Data
--- START ---

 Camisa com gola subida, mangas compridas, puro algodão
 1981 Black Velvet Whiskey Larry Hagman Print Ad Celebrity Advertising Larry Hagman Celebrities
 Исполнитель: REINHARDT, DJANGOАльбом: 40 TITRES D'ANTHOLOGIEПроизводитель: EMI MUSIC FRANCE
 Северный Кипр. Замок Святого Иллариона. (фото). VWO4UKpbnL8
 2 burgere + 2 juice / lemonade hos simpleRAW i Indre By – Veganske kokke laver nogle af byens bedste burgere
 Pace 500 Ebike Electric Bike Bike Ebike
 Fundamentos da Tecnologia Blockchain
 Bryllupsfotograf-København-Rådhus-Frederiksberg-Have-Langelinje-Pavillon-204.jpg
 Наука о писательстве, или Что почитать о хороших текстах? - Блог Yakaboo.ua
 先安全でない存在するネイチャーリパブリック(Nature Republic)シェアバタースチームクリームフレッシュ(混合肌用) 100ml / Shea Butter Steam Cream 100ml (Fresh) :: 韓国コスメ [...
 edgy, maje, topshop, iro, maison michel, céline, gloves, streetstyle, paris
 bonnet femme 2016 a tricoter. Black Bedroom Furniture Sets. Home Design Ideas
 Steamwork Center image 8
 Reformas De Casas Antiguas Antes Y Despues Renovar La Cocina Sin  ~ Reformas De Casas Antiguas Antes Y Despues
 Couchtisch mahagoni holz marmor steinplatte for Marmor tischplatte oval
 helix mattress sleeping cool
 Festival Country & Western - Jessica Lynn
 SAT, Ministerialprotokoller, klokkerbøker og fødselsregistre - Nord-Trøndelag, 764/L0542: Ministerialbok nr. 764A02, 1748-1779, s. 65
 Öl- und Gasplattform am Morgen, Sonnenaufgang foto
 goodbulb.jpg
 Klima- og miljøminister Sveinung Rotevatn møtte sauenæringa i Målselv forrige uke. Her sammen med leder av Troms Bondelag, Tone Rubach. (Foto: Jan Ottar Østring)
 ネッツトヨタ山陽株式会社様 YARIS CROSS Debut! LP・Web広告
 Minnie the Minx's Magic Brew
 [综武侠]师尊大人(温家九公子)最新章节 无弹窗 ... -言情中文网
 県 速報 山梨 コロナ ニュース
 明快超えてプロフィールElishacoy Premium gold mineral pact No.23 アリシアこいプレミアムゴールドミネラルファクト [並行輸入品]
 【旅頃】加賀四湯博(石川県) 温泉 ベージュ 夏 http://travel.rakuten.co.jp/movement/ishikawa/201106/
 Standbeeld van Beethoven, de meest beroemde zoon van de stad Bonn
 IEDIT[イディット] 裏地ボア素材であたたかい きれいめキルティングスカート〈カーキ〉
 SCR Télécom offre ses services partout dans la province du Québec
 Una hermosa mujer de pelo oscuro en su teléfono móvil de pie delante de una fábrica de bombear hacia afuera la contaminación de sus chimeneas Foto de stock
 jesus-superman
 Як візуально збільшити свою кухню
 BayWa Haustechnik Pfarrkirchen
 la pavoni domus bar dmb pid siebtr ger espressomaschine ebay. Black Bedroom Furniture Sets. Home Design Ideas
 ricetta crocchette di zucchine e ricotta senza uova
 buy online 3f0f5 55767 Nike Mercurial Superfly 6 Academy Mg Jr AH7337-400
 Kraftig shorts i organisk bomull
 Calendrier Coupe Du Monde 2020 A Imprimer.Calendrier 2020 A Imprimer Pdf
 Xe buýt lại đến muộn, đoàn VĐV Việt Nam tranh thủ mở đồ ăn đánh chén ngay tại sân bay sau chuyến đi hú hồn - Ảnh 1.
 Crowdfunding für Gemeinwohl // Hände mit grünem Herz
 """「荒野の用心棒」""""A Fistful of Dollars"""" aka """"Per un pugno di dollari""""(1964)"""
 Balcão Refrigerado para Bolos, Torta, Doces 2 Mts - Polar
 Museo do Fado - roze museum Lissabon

--- END ---

Work item
Every line from the start of the listing through the line with "Couchtisch mahagoni holz" should be reproduced exactly, and no other line.

Finished task
 Camisa com gola subida, mangas compridas, puro algodão
 1981 Black Velvet Whiskey Larry Hagman Print Ad Celebrity Advertising Larry Hagman Celebrities
 Исполнитель: REINHARDT, DJANGOАльбом: 40 TITRES D'ANTHOLOGIEПроизводитель: EMI MUSIC FRANCE
 Северный Кипр. Замок Святого Иллариона. (фото). VWO4UKpbnL8
 2 burgere + 2 juice / lemonade hos simpleRAW i Indre By – Veganske kokke laver nogle af byens bedste burgere
 Pace 500 Ebike Electric Bike Bike Ebike
 Fundamentos da Tecnologia Blockchain
 Bryllupsfotograf-København-Rådhus-Frederiksberg-Have-Langelinje-Pavillon-204.jpg
 Наука о писательстве, или Что почитать о хороших текстах? - Блог Yakaboo.ua
 先安全でない存在するネイチャーリパブリック(Nature Republic)シェアバタースチームクリームフレッシュ(混合肌用) 100ml / Shea Butter Steam Cream 100ml (Fresh) :: 韓国コスメ [...
 edgy, maje, topshop, iro, maison michel, céline, gloves, streetstyle, paris
 bonnet femme 2016 a tricoter. Black Bedroom Furniture Sets. Home Design Ideas
 Steamwork Center image 8
 Reformas De Casas Antiguas Antes Y Despues Renovar La Cocina Sin  ~ Reformas De Casas Antiguas Antes Y Despues
 Couchtisch mahagoni holz marmor steinplatte for Marmor tischplatte oval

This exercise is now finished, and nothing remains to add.